Yehl is a 2008 graduate of the South Carolina Honors College. He was a Palmetto Fellow and received the Victor Laurie Junior and Senior Chemist Award as well as a USC Academic Scholarship. As an undergraduate he was actively involved in research: At USC under the mentorship of Dr. Ken Shimizu he worked on developing fluorescent sensors towards detecting biologically relevant acids and he received the DAAD/ACS-RISE (Deutscher Akademischer Austausch Dienst/Research Internship in Science and Engineering) award to carry out summer research in Germany. He is doctoral student in chemistry at Emory University. Fanning graduated from the University of South Carolina Honors College in 2008, double majoring in history and anthropology. She was a Palmetto fellow and received the Charles W. Coolidge History Award in 2006 and 2007, and the Outstanding Anthropology Student Award in 2008.
As a Magellan Scholar she worked with Dr. Kenneth G. Kelly during archaeological investigations at Habitation Creve Coeur on the island of Martinique studying pottery distribution across the site. Fanning began her career as a doctoral student in anthropology at the University of California Santa Cruz in 2009, and was the recipient of a Jacob K. Javits fellowship in 2010. She is studying West African archaeology and ceramic analysis.
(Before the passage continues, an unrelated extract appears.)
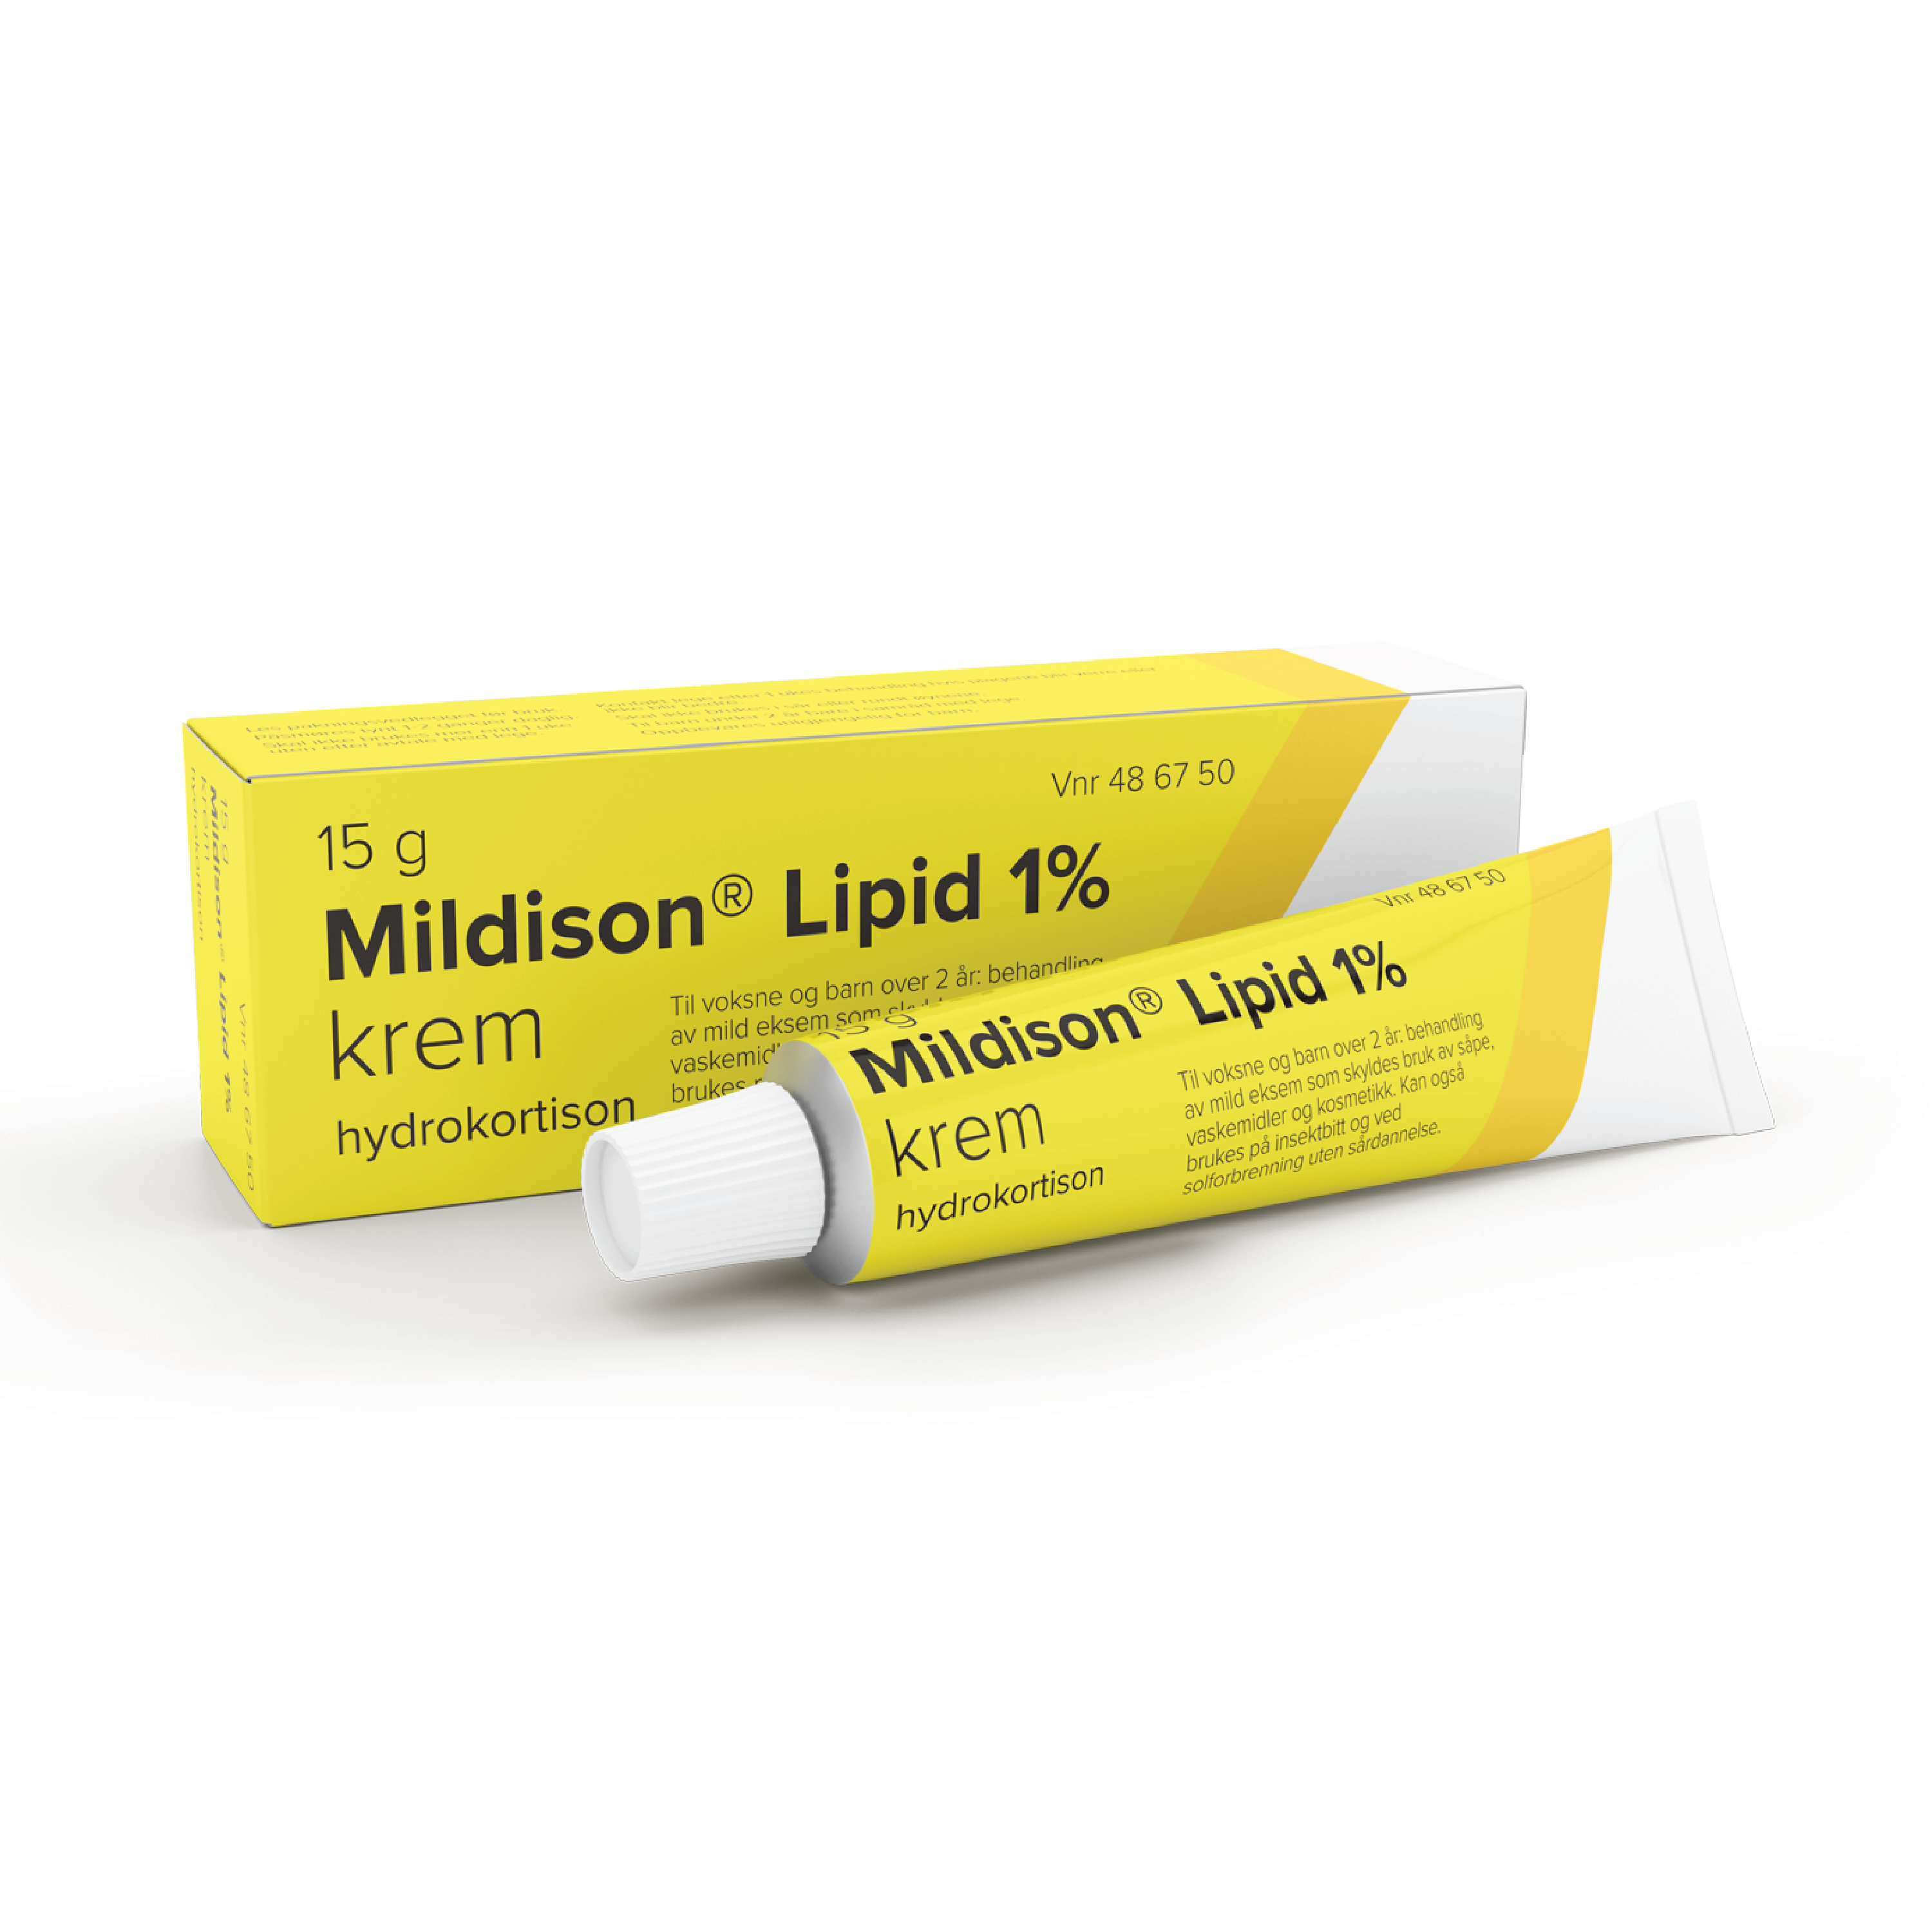 Mildison Lipid krem 1%, 15 g.
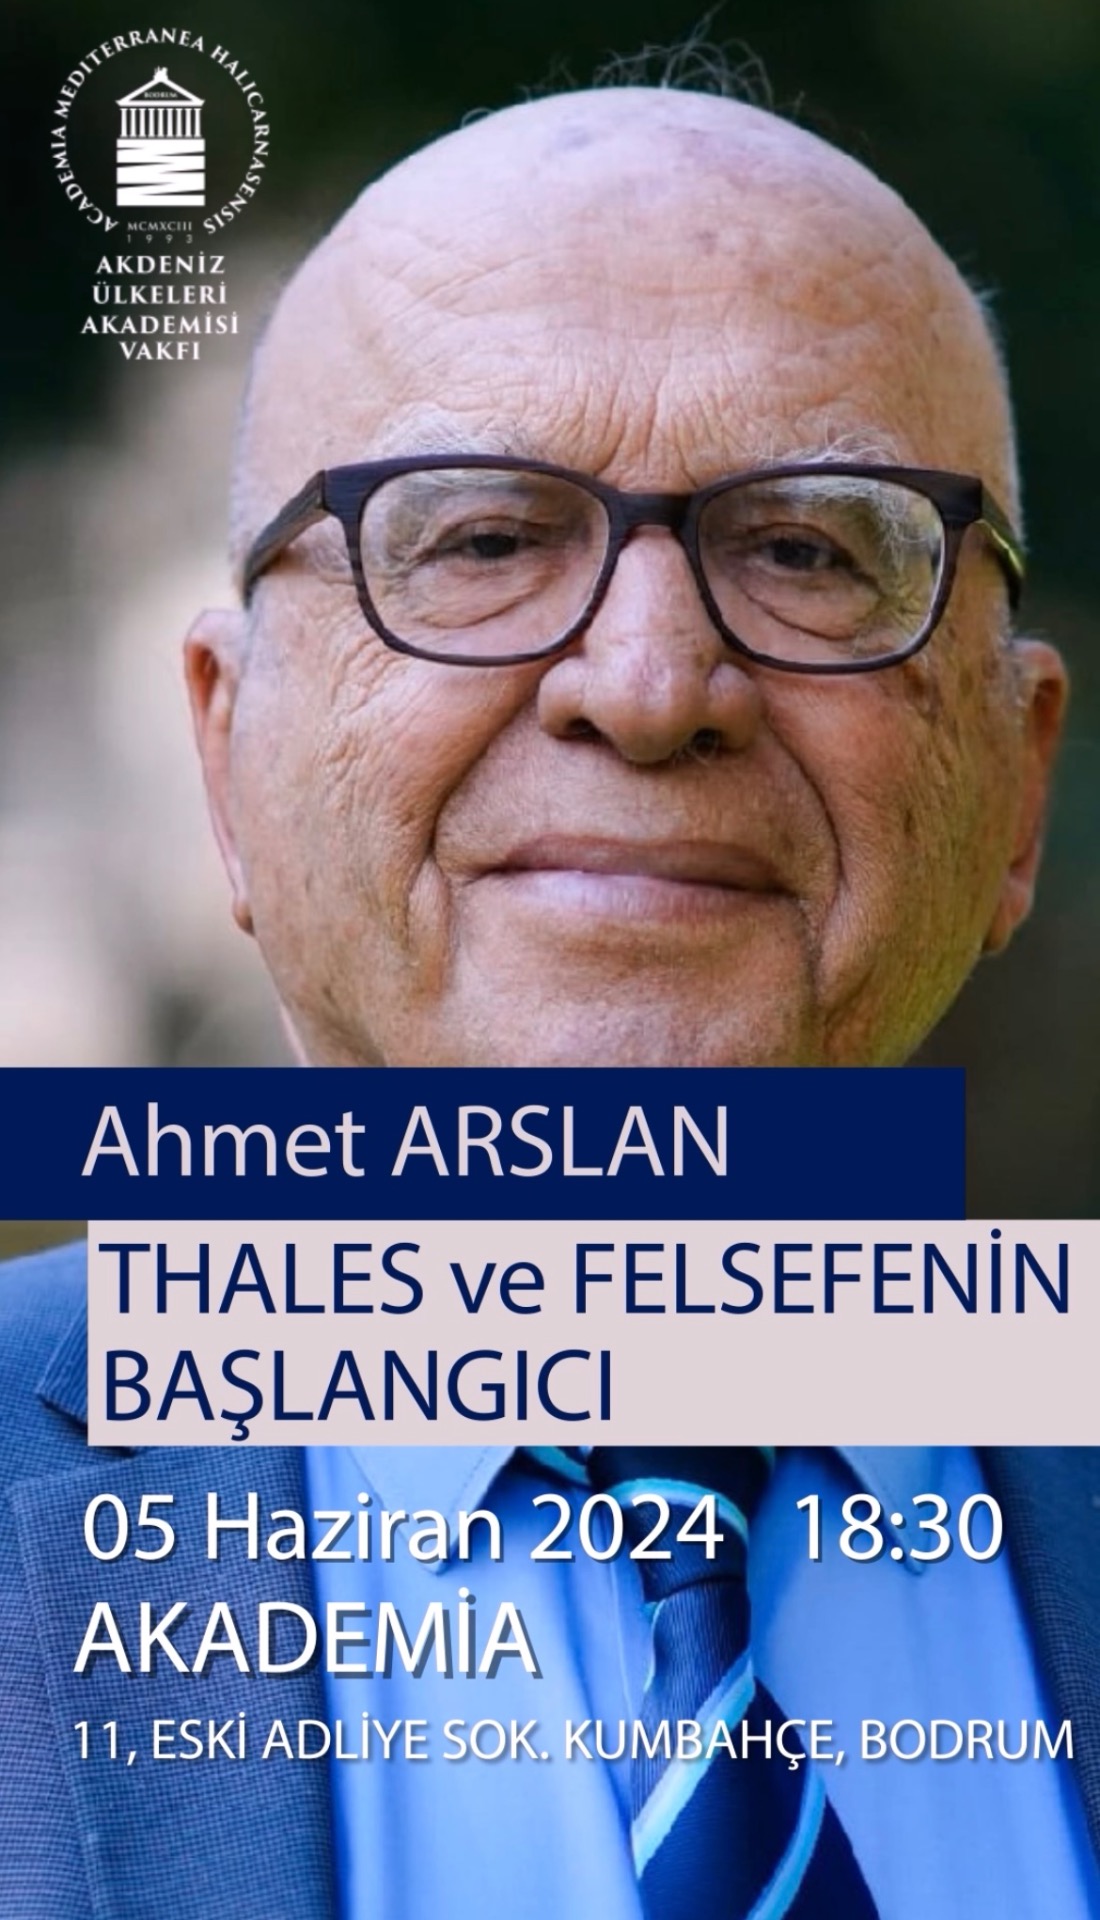 Ahmet Arslan’la Felsefenin Başlangıcına Yolculuk Akademia Bahçesinde

The USC NSF Committee chaired by Erin Connelly (Biology) and comprises Michael Matthews (Chemical Engineering) Melayne McInnes (Economics), Edsel Pena (Statistics), Roger Sawyer (Arts & Sciences), and Ken Shimizu (Chemistry) is to be commended for their work with these students.
The Office of Fellowships and Scholar Programs identifies and recruits student to apply for nationally competitive fellowships and scholarships, www.sc.edu/ofsp. Since 1994 when the Office of Fellowships and Scholar Programs was established, 55 University of South Carolina students and recent graduates have won NSF Graduate Research Fellowships.